There was also a hint that says first consider the case where $\int\phi=0$. How should I use this hint? Any help is much appreciated.
First, one can prove that
$$\phi \in D(\Bbb R)\mbox{ statisfies } \int_{\Bbb R} \phi(x)dx=0\Leftrightarrow\exists \psi\in D(\Bbb R)\mbox{ such that } \psi'=\phi.$$
Second, fix a test function $\theta$ such that $\int_{\Bbb R} \theta(x)dx=1$.
Given arbitrary test function $\phi$, we can always say that
$$\phi(x) =\theta(x)\int_{\Bbb R} \phi(y)dy + \left(\phi(x)-\theta(x)\int_{\Bbb R} \phi(y)dy\right).$$
Clearly, there exists a test function $\phi_1$ such that $$\phi_1'(x) = \phi(x)-\theta(x)\int_{\Bbb R} \phi(y)dy$$
Finally, we have a distribution $F$ such that $F'=0$.

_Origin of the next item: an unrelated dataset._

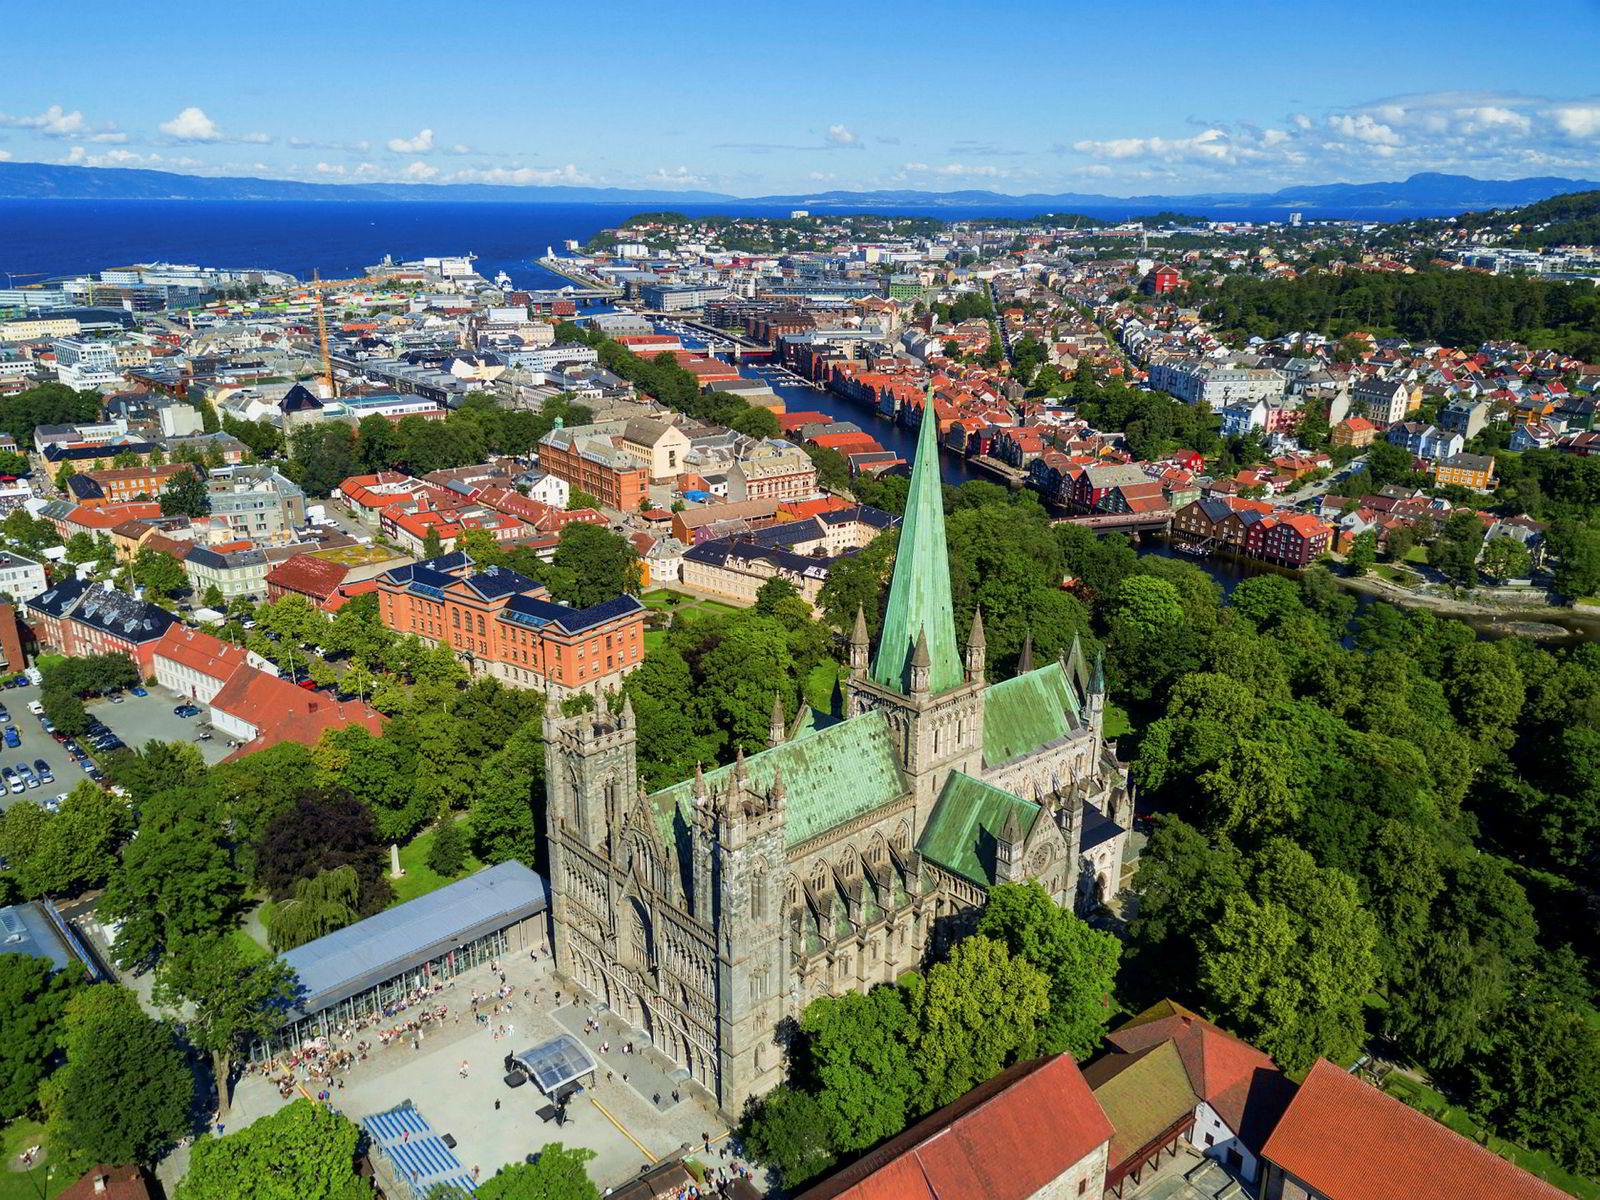 I Trondheim er det, ifølge en næringseiendsomsmegler, økende betalingsvilje for de beste lokalene sentralt i byen og for nybygg i randsonen

We write$$ \langle F, \phi\rangle =\left\langle F, \theta(x)\int_{\Bbb R} \phi(y)dy + \left(\phi(x)-\theta(x)\int_{\Bbb R} \phi(y)dy\right) \right\rangle $$ $$ =\left\langle F, \theta(x)\int_{\Bbb R} \phi(y)dy + \phi_1' \right\rangle $$ $$ = \int_{\Bbb R} \phi(y)dy\left\langle F, \theta \right\rangle-\left\langle F', \phi_1 \right\rangle = \int_{\Bbb R} \phi(y)dy\left\langle F, \theta \right\rangle $$
Now, the test function $\theta$ being fixed and not depending on $\phi$, we say that $c=\left\langle F, \theta \right\rangle $ and obtain that $$ \langle F, \phi\rangle = c \int_{\Bbb R} \phi(y)dy,$$ hence, indeed, $F$ is represented by a constant function $c$.